## Data extract

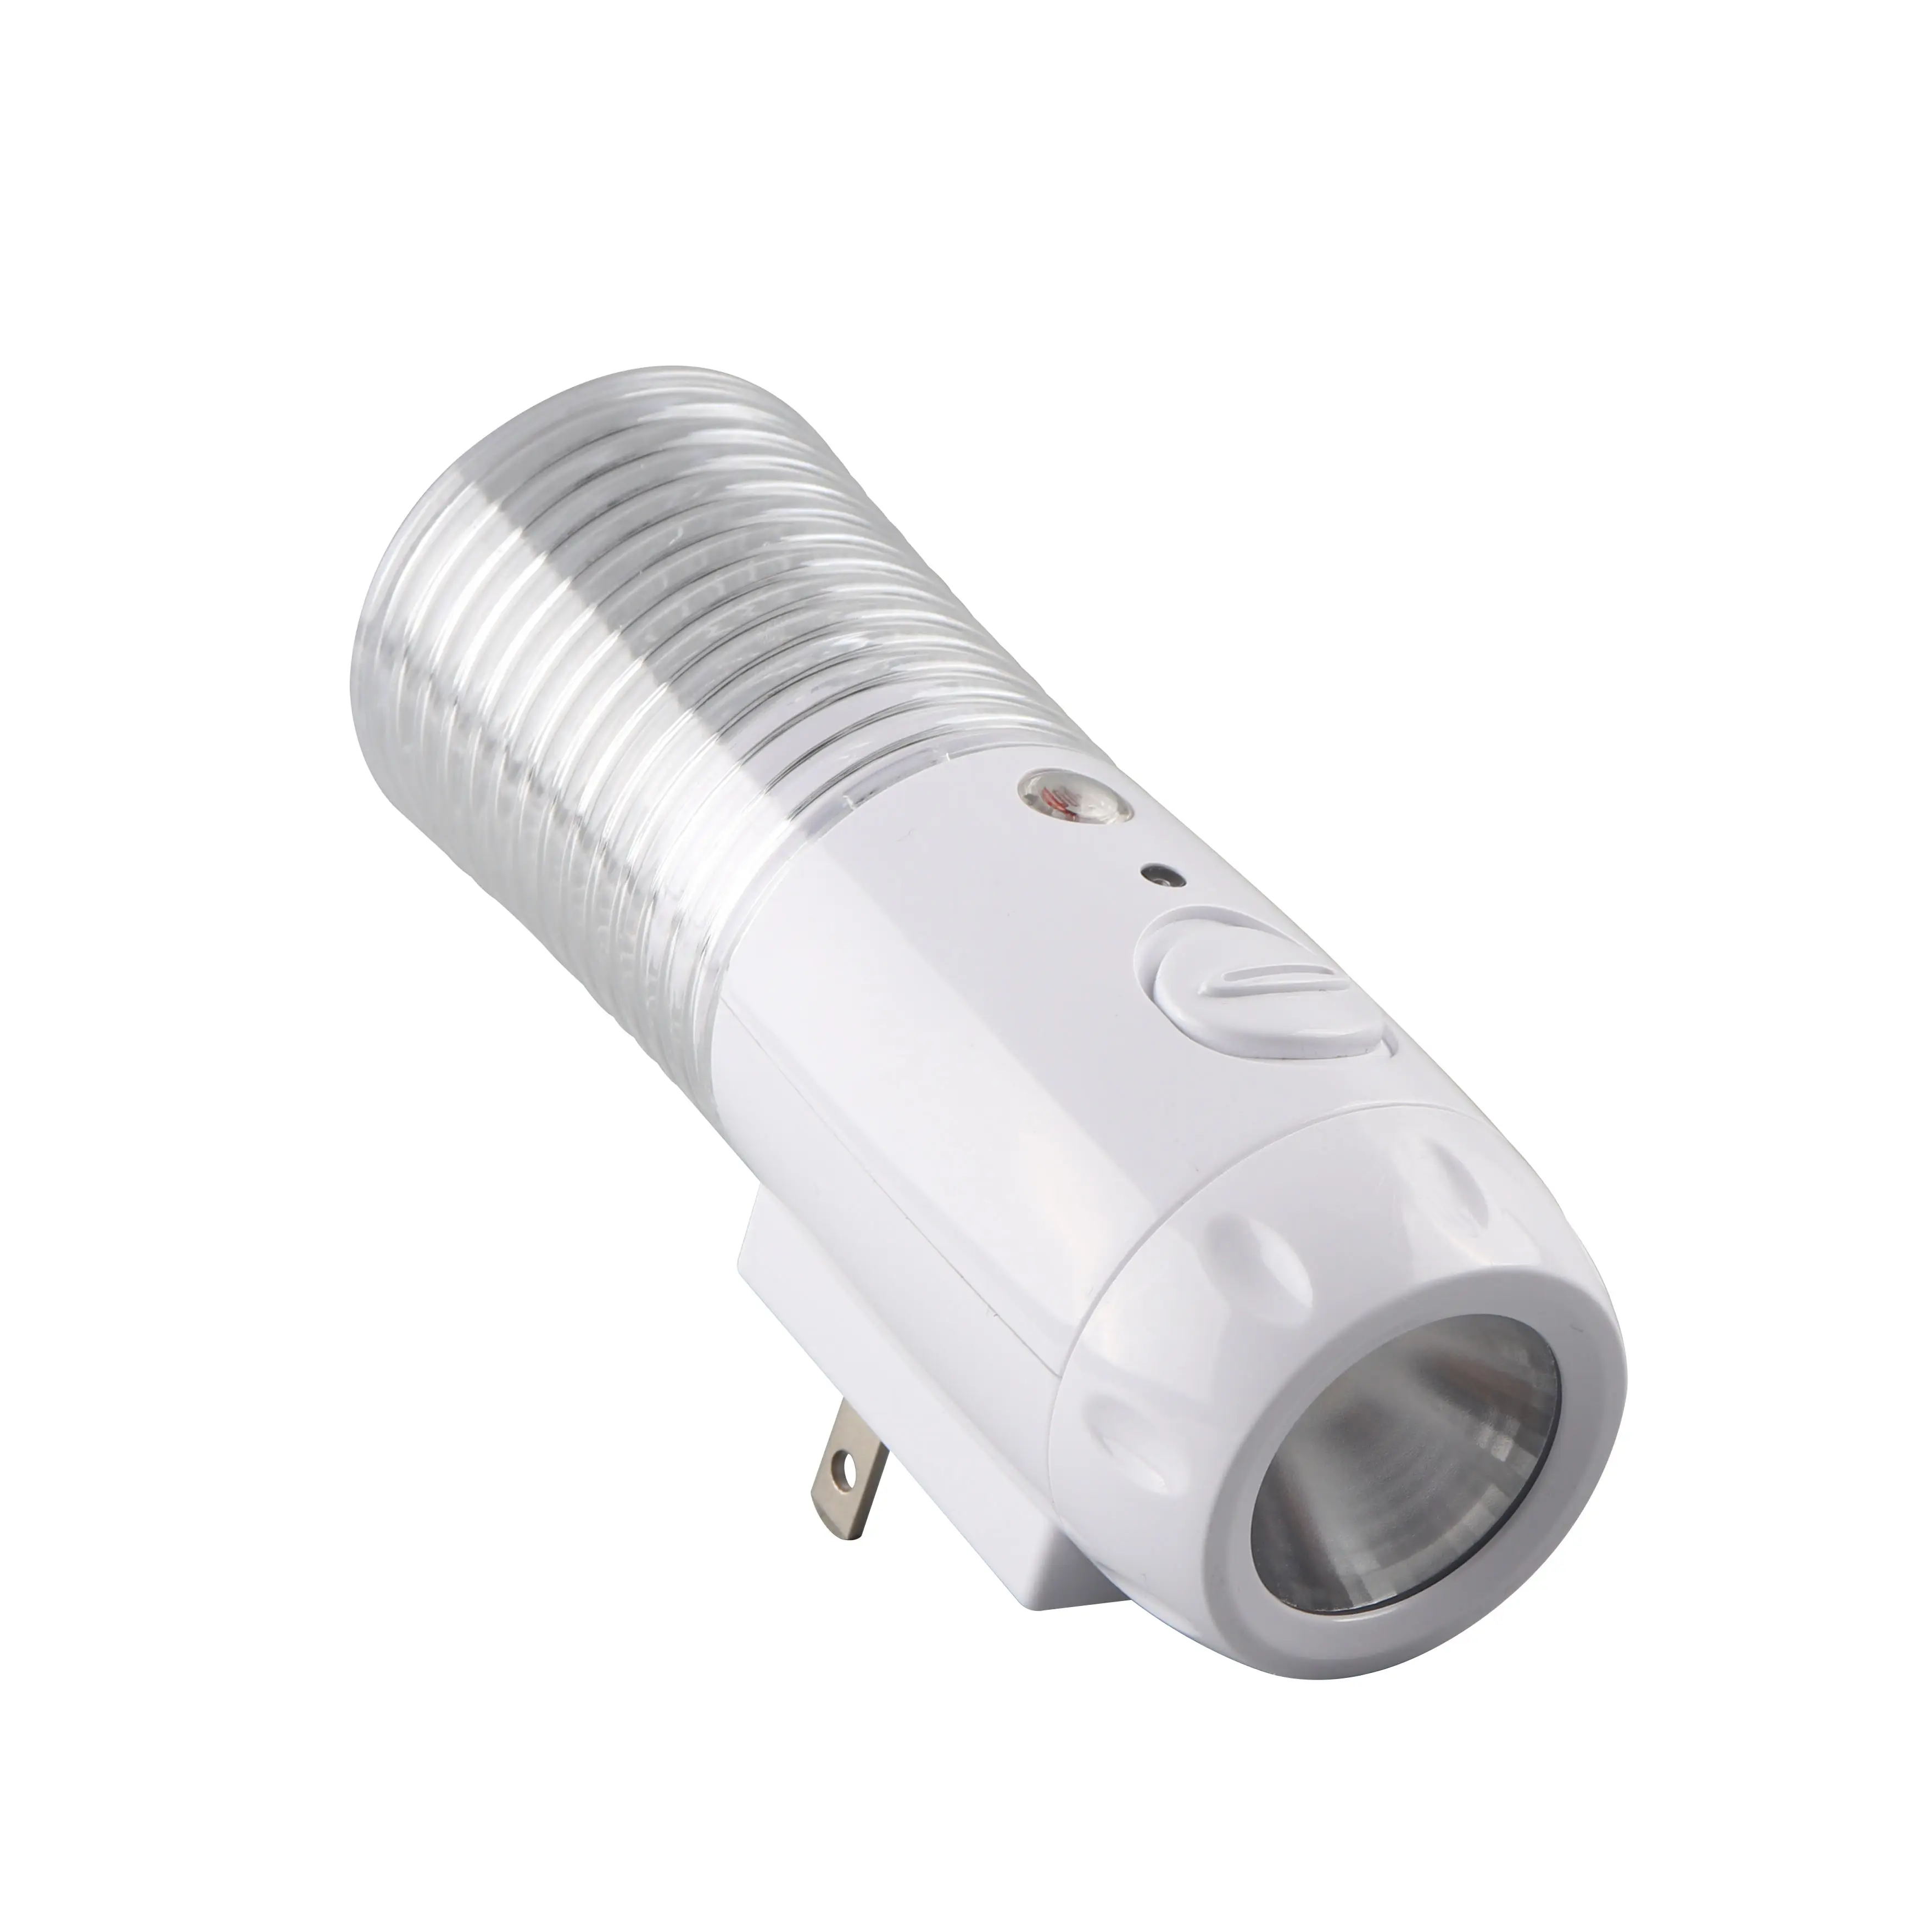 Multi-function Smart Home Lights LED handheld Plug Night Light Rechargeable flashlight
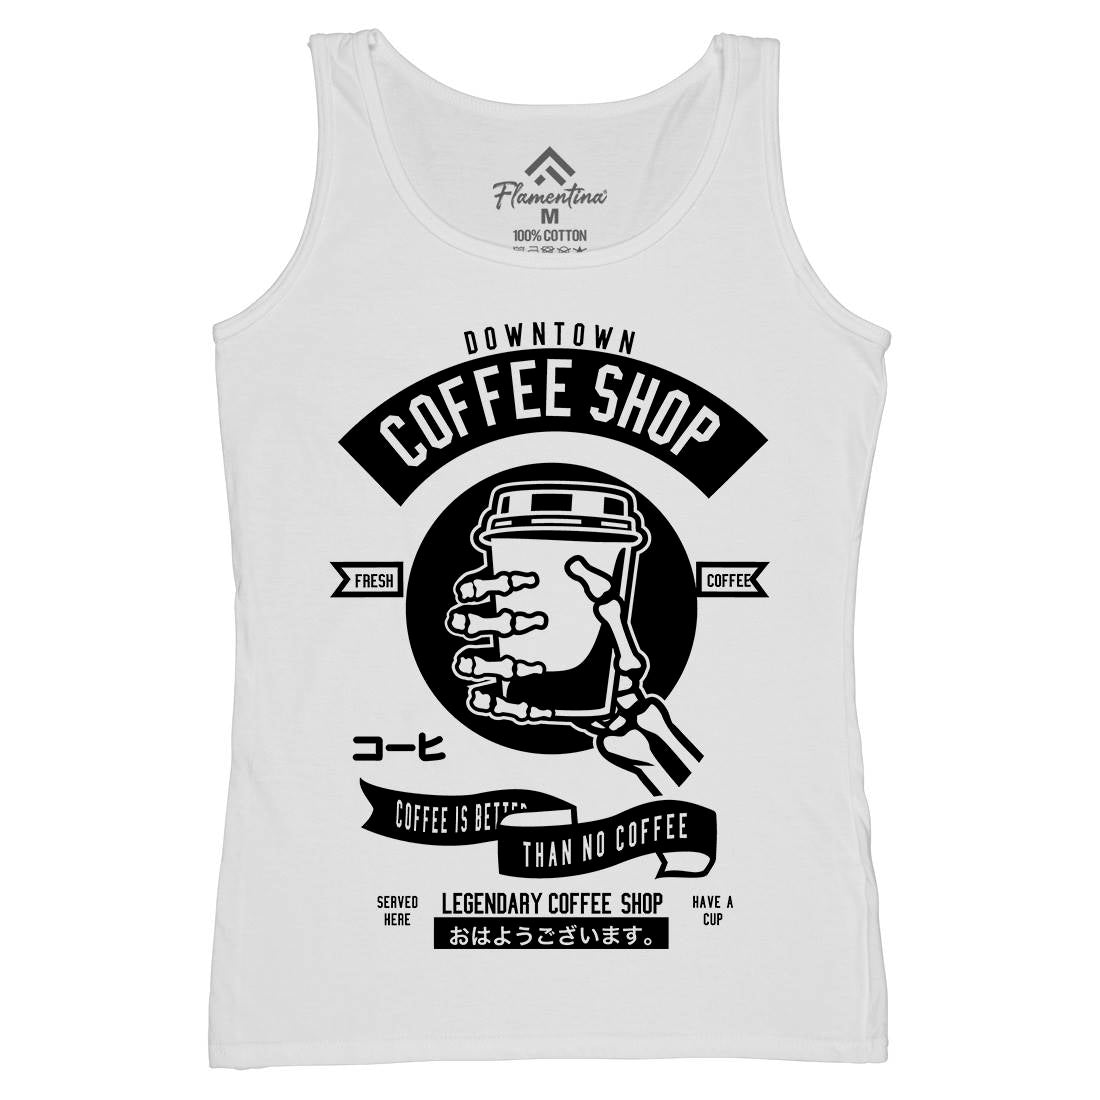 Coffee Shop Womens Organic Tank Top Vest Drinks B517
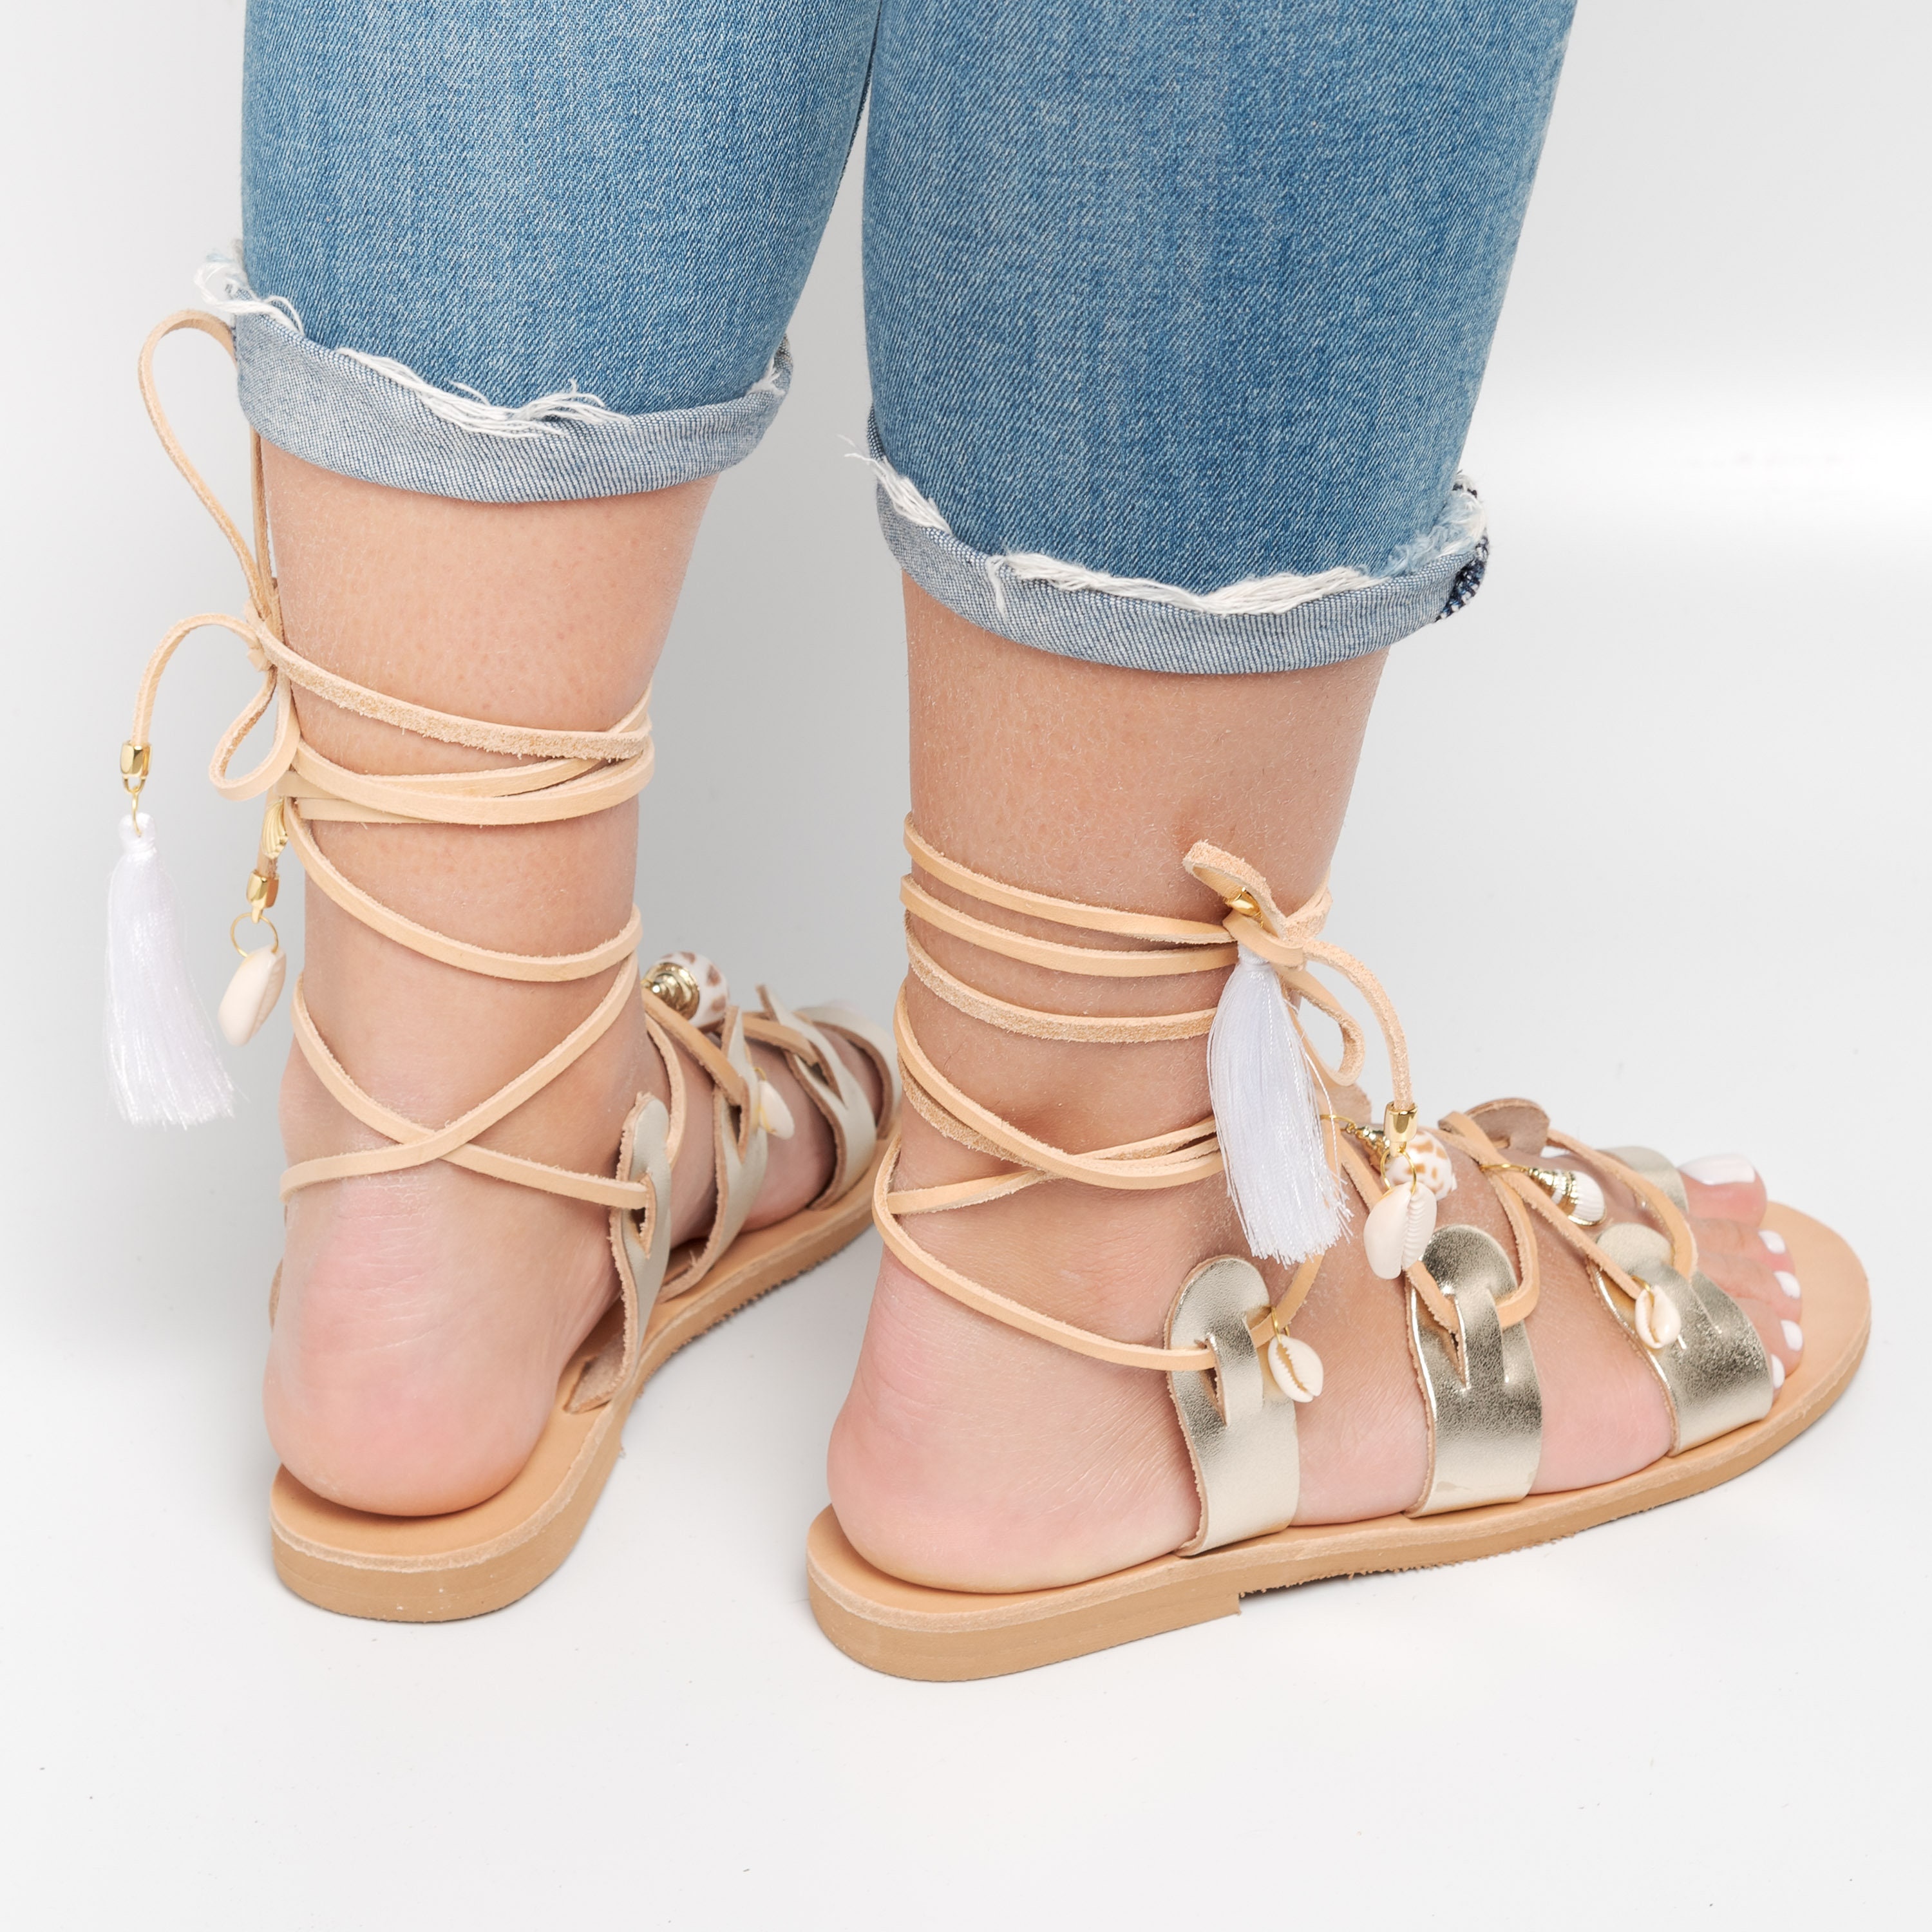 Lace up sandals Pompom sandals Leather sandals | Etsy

## What the task asks
Reproduce the listing exactly, minus its pictures.

## Solution to the exercise
 Multi-function Smart Home Lights LED handheld Plug Night Light Rechargeable flashlight
 Coffee Shop Womens Organic Tank Top Vest Drinks B517
 Lace up sandals Pompom sandals Leather sandals | Etsy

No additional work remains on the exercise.